A Rake's Midnight Kiss (Sons of Sin 2)
“You won’t hurt me.”
“I’m trying like hell not to.”
“I won’t break.”
After seeing her with Fairbrother, he wasn’t so certain. Sighing, he caught her by the shoulders. She quivered under his hands and his touch became a caress.
He read no fear in her face, only yearning. Heroically he struggled not to glance at the sagging cream bodice. She didn’t make it easy for him to become a better man.
His lips brushed across hers. He heard her tiny intake of breath, a soft gasp of excitement. Her lips parted as he withdrew. Her taste filled his head like wine. He itched to slake his thirst, but couldn’t grant himself the freedom.
“I kissed you.” His voice was choked. “Let’s go.”
Her hands curled in his shirt. “Please make me forget what happened tonight.”
Oh, God, God, God. She sounded so hurt, so wretched. So bereft.
He stared blindly above her and hoped darkness hid the bulge in his trousers. “No.”
“Oh.”
He struggled to ignore the sad little syllable. He released her and waited for her to unhook her grip on his shirt. But she didn’t. Instead she searched his features as if seeking proof that he was a liar.
The problem was that he was a liar. A liar had no right to lay his filthy liar’s hands on Genevieve Barrett’s pure body. Which didn’t mean he wasn’t frantic to touch her. He wanted her so much, he was likely to explode into a million pieces.
He strove to sound like the man he’d pretended to be, the careless rake Sir Richard Harmsworth, who never lacked an appropriate response. He’d always been so easy with his amours because he’d never cared. Not caring made his nonchalant manner a doddle. With Genevieve he cared to his bones, and he had no idea how to make this right.
Still, he must try. “A man needs his rest after he’s battled villains like Fairbrother.”
She flinched at his tone as much as at what he said, he knew. Still she didn’t unhand him. She swallowed as if speaking proved difficult. He wished to hell she wouldn’t speak. He wished to hell he was in Cathay. Or the East Indies. Anywhere but here with paradise inches away, yet completely beyond reach.
“Then sleep with me.”
What the hell? His heart slammed to a stop. He caught her hands and managed to liberate his shirt. He should release her, but some things exceeded his powers. “Genevieve, this is wrong.”

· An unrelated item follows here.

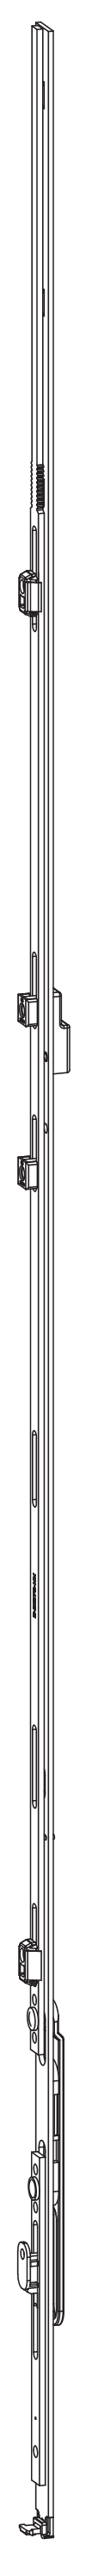 GU-ITALIA -  Catenaccio UNI-JET asta a leva altezza maniglia fissa per seconda anta - gr / dim. 516 - alt. man. LEVA ZH - lbb/hbb 1851 - 2100

“You didn’t think it was wrong in Oxford.”
When she raised eyes glittering with tears, he felt like she punched him in the gut. Much as he loathed acknowledging it, he recognized how his rebuff had wounded her. He wasn’t a fool. He knew what that offer had cost her. And she’d sought neither assurances for the future nor promises of love.
The irony was that for the first time, he could honestly tell a woman he loved her. Yet the vow stuck in his throat. Not just because he quailed from saying it, but because he couldn’t declare his affections after so many lies.

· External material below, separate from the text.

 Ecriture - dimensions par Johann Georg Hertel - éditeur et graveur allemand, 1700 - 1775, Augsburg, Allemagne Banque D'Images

“I’ve seen the light since Oxford,” he said wryly. If he could, he’d laugh at himself. Sending Genevieve home as innocent as the day she was born was more excruciating than having a tooth drawn. She should be grateful. Hell, she should be lauding his chivalry to the skies.

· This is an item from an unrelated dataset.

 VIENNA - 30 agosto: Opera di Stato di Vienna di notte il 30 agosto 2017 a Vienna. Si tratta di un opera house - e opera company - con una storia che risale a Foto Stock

Contrary like a woman, she lost her temper.
“I can’t believe you’re saying no. You’ve spent days trying to seduce me. Here I am, ready and willing.” Her voice cracked into silence. Revealing a luscious expanse of bosom, she spread her arms.
His cock, already hard and aching, swelled against his trousers. By all that was holy, at this rate he’d lose himself like an impulsive boy. Then what would she make of his denials? Luckily she was too furious to note his physical discomfort.
“Time to go, Genevieve,” he said gently, burning to gather her into his arms and comfort her. But too afraid of the devil inside to chance even that much contact. Those two chaste kisses had whittled his control to a sliver.
Abruptly she turned away and he felt another phantom blow to the belly when he realized that she wept. What an excruciating night she’d had. Fairbrother’s assault. Now this rejection.
How he wished he could explain. But his lies divided them like a dank, foul canal. Too deep and wide to cross. He stood on one bank; she stood on the other. He could never cross the stinking mire to tell her how much he loved her.
Without looking, she extended a shaking hand toward him.
Damn it, he couldn’t touch her. It was too risky.